We think that these questions don’t get to the real reasons for the bill. (Obviously, the surface level reasons for the bill are to save lives and reduce addiction, but let’s dig deeper than that.) From the DOJ’s perspective, the overriding problem has been a bureaucratic one: a lack of desire by Assistant US Attorneys to accept and pursue these cases. That trickles down to DEA agents, who don’t want to spend months investigating an Internet pharmacy case that never gets filed.

This leads to the question: what are the two things that prosecutors want in order to file cases against rogue Internet pharmacies? This bill provides both: a case that is easier to win, and real time if the defendant is convicted. Let’s look at both factors.

First: much of the debate has correctly focused on the bill’s definition of “valid prescription,” the lack thereof in codified law, and how that relates to “online consultations.” Yet it’s arguable that existing law on this point isn’t so much unclear as it is convoluted. After all, good prosecutors can and do get convictions for “online consultation” controlled substance websites under current law. However, jury instructions, closing arguments, and the presentation of evidence can be a complicated nightmare. The bill doesn’t so much enact something new as much as it does codify what the DEA has argued, mostly successfully, is the right interpretation of existing law. As a result, the government’s prosecutions will simply be more straightforward.

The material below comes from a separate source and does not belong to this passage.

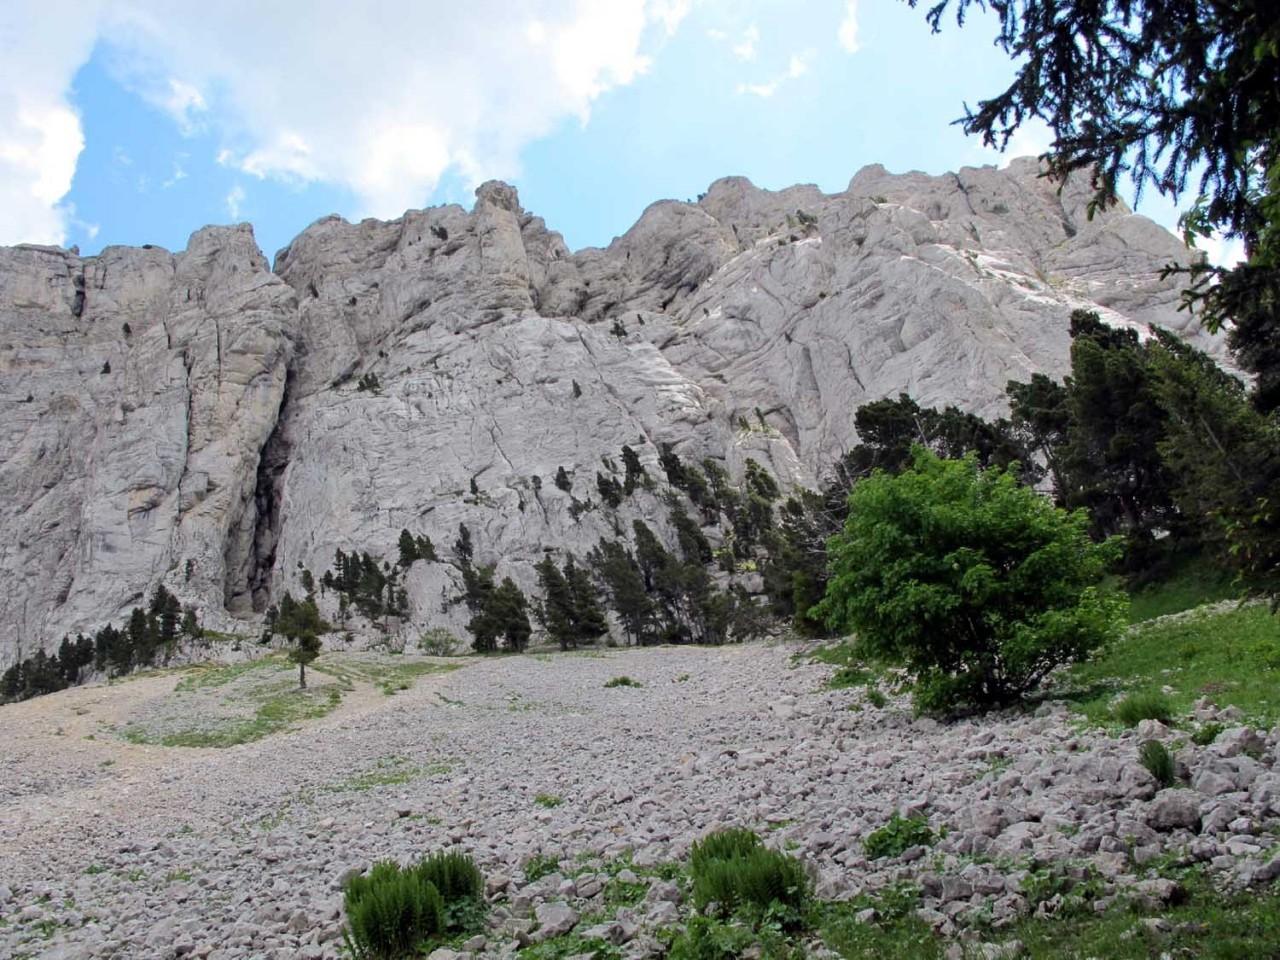 Le tour du Mont Aiguille - Vercors - 23/06/20 -

Second: the increased penalties within the bill have largely been overlooked. They’re important. Why? Federal prosecutors usually don’t want to spend much time on a case that will only result in a few months prison. That’s one reason, in our view, that it’s fairly difficult to acquire Schedule II and III drugs via an online consultation these days, but Schedule IV drugs are comparatively more available that way. And there have been fewer prosecutions for Schedule IV schemes, with exceptions. The current penalties for Schedule III, IV and V drugs provide little prison time, at least compared to Schedule I and II offenses. By raising the possible penalties, the bill provides incentives to prosecutors who want to see real prison time available against the defendants they prosecute.

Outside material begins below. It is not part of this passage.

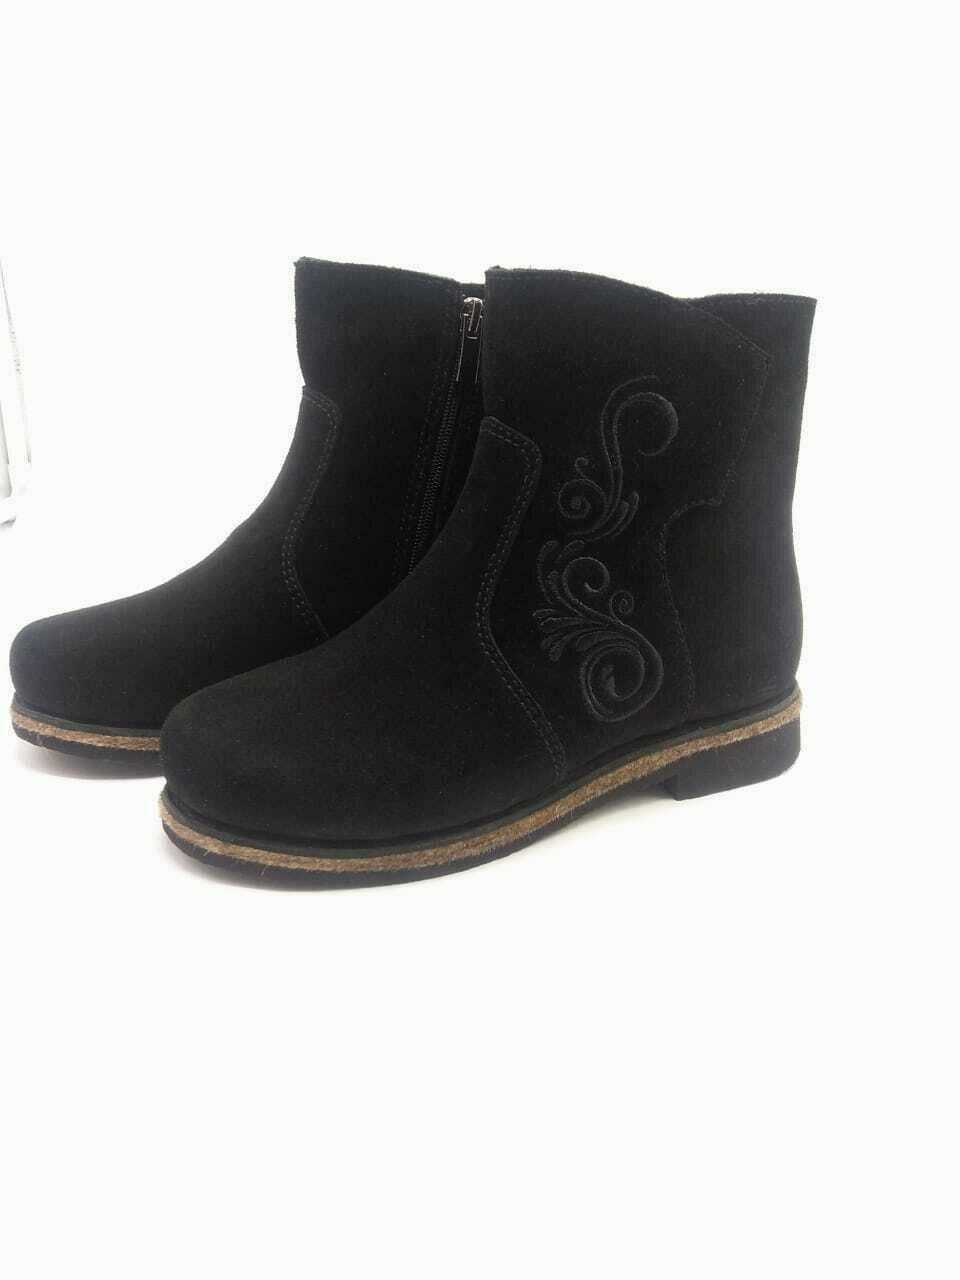 39 Унты-ботиночки женские на молнии из замши

Those were the reasons for the bill, not a belief within the DEA that a prescription for a controlled substance based only on an online consultation was, in fact, a lawful act. Our prediction: if there’s an increase in the number of cases filed against online pharmacies selling controlled substances based only on an online consultation, it won’t be primarily because of the definition of “valid prescription.” Rather, it will be because the increased penalties for Schedule IV drugs (like Ambien, Xanax, Valium and Phentermine) make those cases more attractive to federal prosecutors, and thus, DEA agents will similarly be more willing to investigate those cases.